Results. An analysis of BER for the signal modulation method in 5G networks, which uses a bank of filters with multiple carriers with offset quadrature amplitude modulation under noise conditions, is presented. The resistance of the method to intra-cell, inter-cell, and inter-beam types of interference in the 5G channel, as well as additive white Gaussian noise, is investigated. The graphical and numerical data obtained through computer modeling demonstrates improved BER in 5G networks using FBMC-OQAM. The presented comparative analysis of error probability in the FBMC-OQAM system under various types of noise and interference emphasizes the impact of these factors on the quality of information transmission.
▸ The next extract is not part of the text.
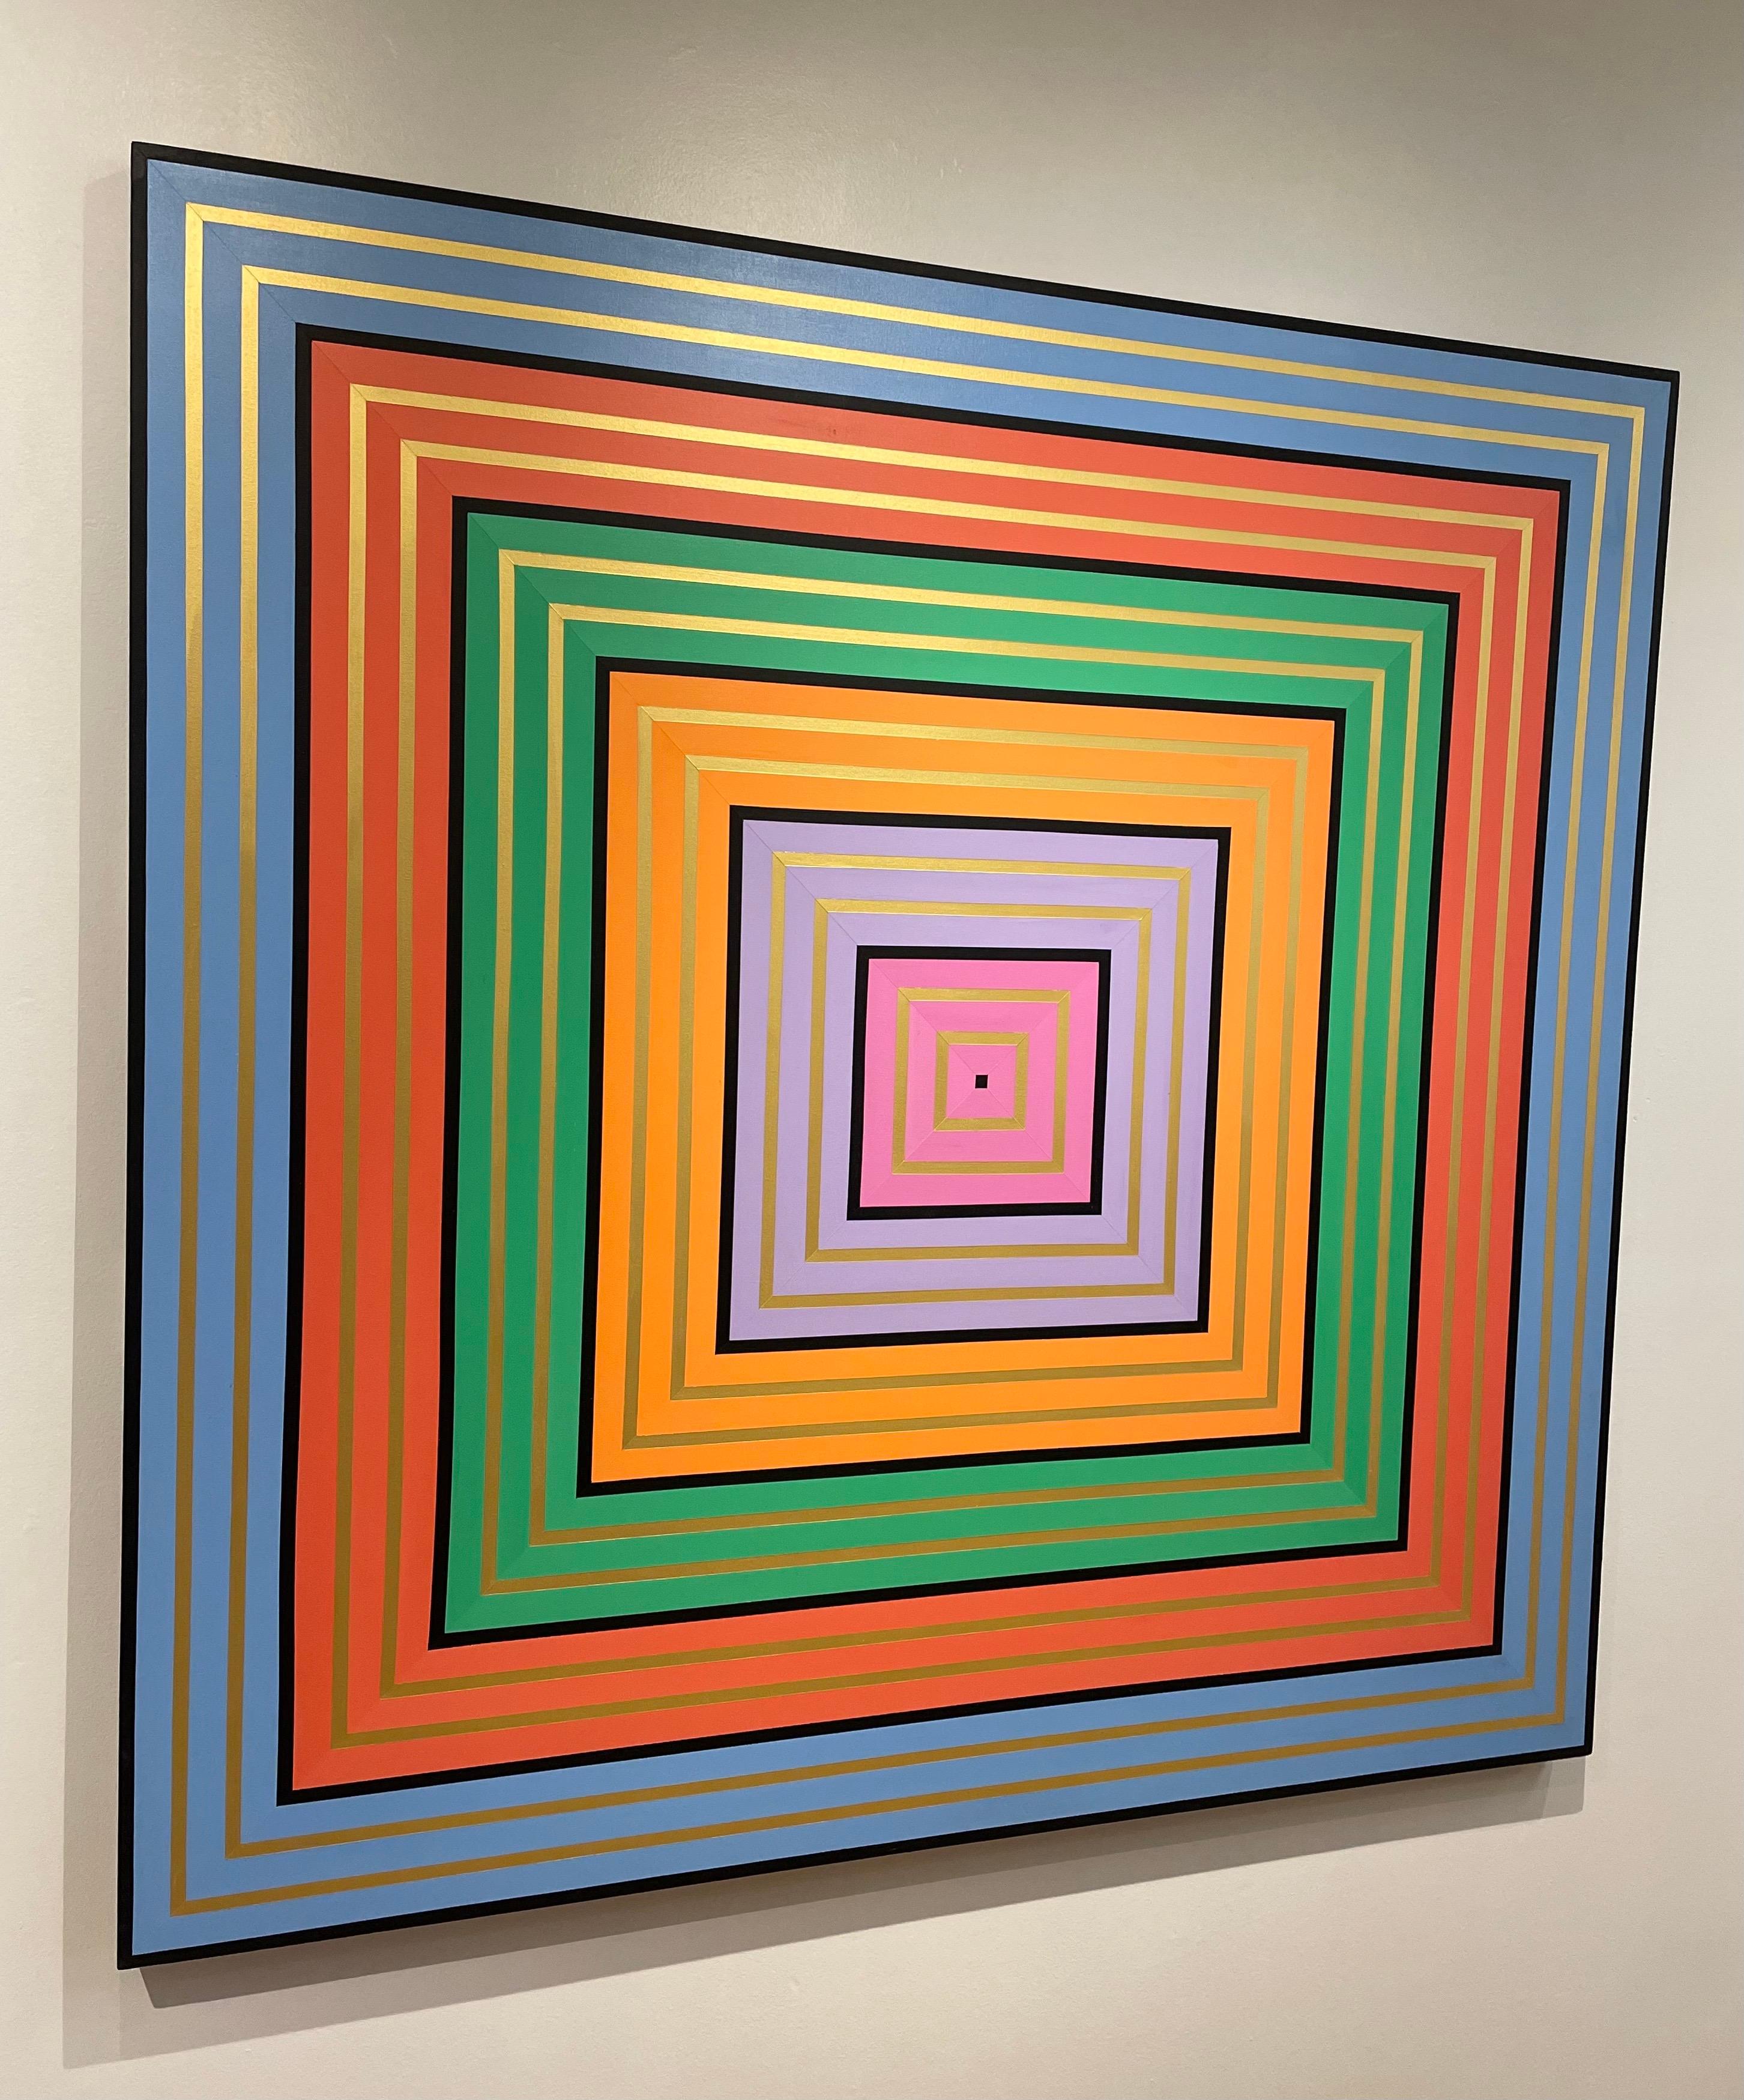 Schöne Farben und tolle Technik auf diesem auffälligen geometrischen Acryl auf Leinwand von San Diego Künstler Allen Perrier circa 2012. Großes Format.

Conclusions. The FBMC-OQAM method is characterized by the low impact on the error probability of the data transmission system in 5G networks of various types of interference including intra-cell and inter-cell interference, inter-beam interference, and nonlinear distortions. However, it will be necessary to further optimize the method and develop algorithms for enhancing error probability in the FBMC-OQAM system under real conditions in 5G networks. The research results can be used in the development of 5G networks.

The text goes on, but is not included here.